Difference in memcpy and strncpy for struct copying

Question

I have the below code. I am trying to copy a struct to a string. I want to understand why the output varies between strncpy and memcpy.

#include <stdio.h>
#include<string.h>
struct a{
    int len;
    int type;
};
int main(){
    struct a aa={98,88};
    char str[10]="";
    char str2[10]="";

    strncpy(str,&aa,sizeof(struct a));
    memcpy(str2,&aa,sizeof(struct a));
    for(int i=0;i<10;i++)printf("%2d",str[i]);
    printf("\n");
    for(int i=0;i<10;i++)printf("%2d",str2[i]);

    return 0;
}

Below is the Output:

98 0 0 0 0 0 0 0 0 0
98 0 0 088 0 0 0 0 0

I understand the strncpy will copy till it hits '\0' (or the size limit), but i don't have '\0' value in the struct. Can someone please help me understand this. Purpose of doing this: trying to send a struct over network. Though I am planning to implement serialization, I wanted to understand the behavior

EDIT: 1)Suggested by Keith Thompson

Below is the warning generated.

incompatible pointer types passing 'struct a *' to parameter of type 'const char *' [-Wincompatible-pointer-types]
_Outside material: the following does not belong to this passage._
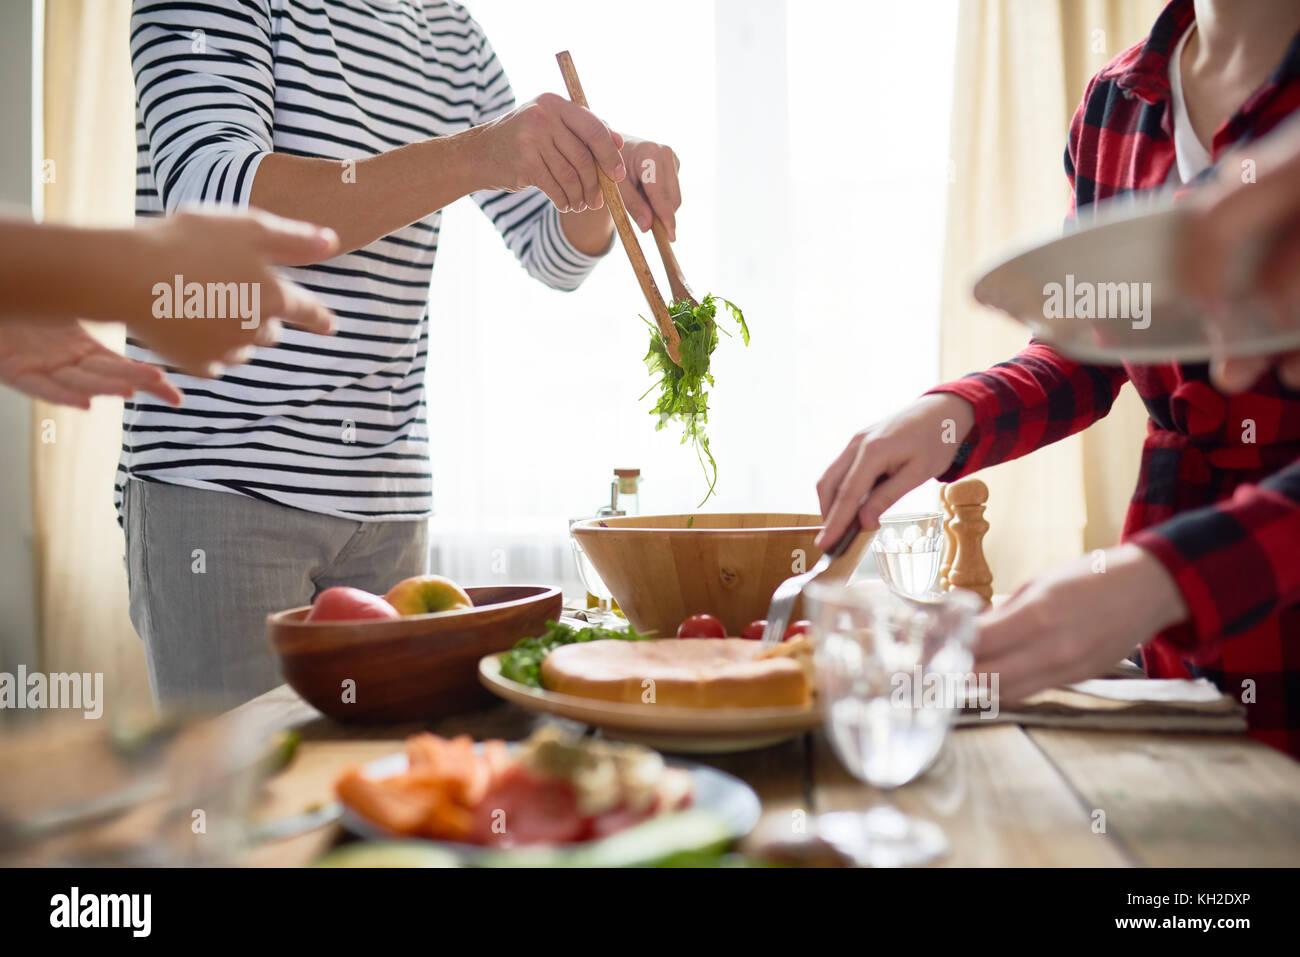 Seitenansicht mi-Teil der Gruppe von Personen bei festlichen Abendessen Tabelle steht, das hausgemachte Essen auf Stockbild

2)I modified the code a bit to use int array:

(Putting this for reference. I understand that in this case, memcpy copies the variable of struct in the first two elements of the array as the size is sufficient for the struct variable.)

#include <stdio.h>
#include<string.h>
struct a{
    int len;
    int type;
};
int main(){
    struct a aa={98,88};
    int str[10]={0};
    int str2[10]={0};

    strncpy(str,&aa,sizeof(struct a));
    memcpy(str2,&aa,sizeof(struct a));
    for(int i=0;i<10;i++)printf("%2d",str[i]);
    printf("\n");
    for(int i=0;i<10;i++)printf("%2d",str2[i]);

    return 0;
}

Below is the o\p:

98 0 0 0 0 0 0 0 0 0
9888 0 0 0 0 0 0 0 0

Below are the warnings generated:

incompatible pointer types passing 'int [10]' to parameter of type 'char *' [-Wincompatible-pointer-types]
incompatible pointer types passing 'struct a *' to parameter of type 'const char *' [-Wincompatible-pointer-types]

Answer 1

but I don't have '\0' value in the struct.

Actually, you do have at least six '\0'-s there: assuming that int is 32-bit, the upper three bytes of both 98 and 88 are all zeros. They would make strncpy stop copying. The function is designed for fixed-length strings, so one should not use it with arbitrary structs. memcpy, on the other hand, will copy everything.

Purpose of doing this: trying to send a struct over network.

If you would like to send your struct over the network, and you would like the packet to be portable, convert both ints to network order on the sender side, and back to hardware order on the receiving side. For 32-bit numbers use htonl and ntohl functions.

Answer 2

memcpy copies bytes, strcpy copies nul-terminated strings (nul is the 0 byte, 0x00, '\x00')

memcpy always copies the specified number of bytes. strcpy stops copying when it finds a nul

Answer 3

but i don't have '\0' value in the struct.

Yes, you do. Your integer values have 0 bits, which can be interpreted as a '\0' when the byte data is interpreted as characters. Since strncpy works "character by character until a terminator is reached", this causes it to stop early.

memcpy copies the specified number of bytes, always, which makes it work. It is more appropriate in this case.